++++ Given information ++++

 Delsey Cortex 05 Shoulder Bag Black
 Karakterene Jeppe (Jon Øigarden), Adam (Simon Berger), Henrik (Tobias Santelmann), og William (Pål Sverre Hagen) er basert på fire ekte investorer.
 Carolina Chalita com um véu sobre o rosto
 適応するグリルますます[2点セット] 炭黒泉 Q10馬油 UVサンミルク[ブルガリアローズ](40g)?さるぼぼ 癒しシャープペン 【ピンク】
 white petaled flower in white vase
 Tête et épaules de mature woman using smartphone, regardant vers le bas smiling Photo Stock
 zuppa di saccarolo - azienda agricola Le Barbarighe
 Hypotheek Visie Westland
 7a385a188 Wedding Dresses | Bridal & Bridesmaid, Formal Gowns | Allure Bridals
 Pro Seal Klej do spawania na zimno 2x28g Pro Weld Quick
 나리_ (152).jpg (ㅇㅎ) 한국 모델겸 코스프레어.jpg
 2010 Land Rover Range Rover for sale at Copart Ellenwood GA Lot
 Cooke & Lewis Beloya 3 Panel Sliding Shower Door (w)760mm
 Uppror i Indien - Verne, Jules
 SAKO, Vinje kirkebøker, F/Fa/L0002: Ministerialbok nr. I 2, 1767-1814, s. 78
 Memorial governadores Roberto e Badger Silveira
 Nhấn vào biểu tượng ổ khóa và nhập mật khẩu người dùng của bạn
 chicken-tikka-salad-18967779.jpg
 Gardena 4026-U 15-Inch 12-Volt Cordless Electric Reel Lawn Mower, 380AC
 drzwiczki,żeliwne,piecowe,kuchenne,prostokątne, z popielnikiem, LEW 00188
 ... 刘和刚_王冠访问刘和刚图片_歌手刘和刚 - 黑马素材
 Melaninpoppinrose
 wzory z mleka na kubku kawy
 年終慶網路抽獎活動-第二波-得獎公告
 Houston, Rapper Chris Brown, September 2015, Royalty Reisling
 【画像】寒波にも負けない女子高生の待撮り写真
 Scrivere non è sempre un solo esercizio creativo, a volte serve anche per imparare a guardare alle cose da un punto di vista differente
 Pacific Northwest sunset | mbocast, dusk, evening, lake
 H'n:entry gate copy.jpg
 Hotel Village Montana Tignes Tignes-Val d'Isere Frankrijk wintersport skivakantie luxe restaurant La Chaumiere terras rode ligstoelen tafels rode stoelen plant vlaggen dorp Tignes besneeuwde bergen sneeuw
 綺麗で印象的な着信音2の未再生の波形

++++

Could you retype exactly the lines above, starting at the line that contains "Hypotheek Visie Westland" and ending at the line that contains "chicken-tikka-salad-18967779.jpg", and nothing more?

 Hypotheek Visie Westland
 7a385a188 Wedding Dresses | Bridal & Bridesmaid, Formal Gowns | Allure Bridals
 Pro Seal Klej do spawania na zimno 2x28g Pro Weld Quick
 나리_ (152).jpg (ㅇㅎ) 한국 모델겸 코스프레어.jpg
 2010 Land Rover Range Rover for sale at Copart Ellenwood GA Lot
 Cooke & Lewis Beloya 3 Panel Sliding Shower Door (w)760mm
 Uppror i Indien - Verne, Jules
 SAKO, Vinje kirkebøker, F/Fa/L0002: Ministerialbok nr. I 2, 1767-1814, s. 78
 Memorial governadores Roberto e Badger Silveira
 Nhấn vào biểu tượng ổ khóa và nhập mật khẩu người dùng của bạn
 chicken-tikka-salad-18967779.jpg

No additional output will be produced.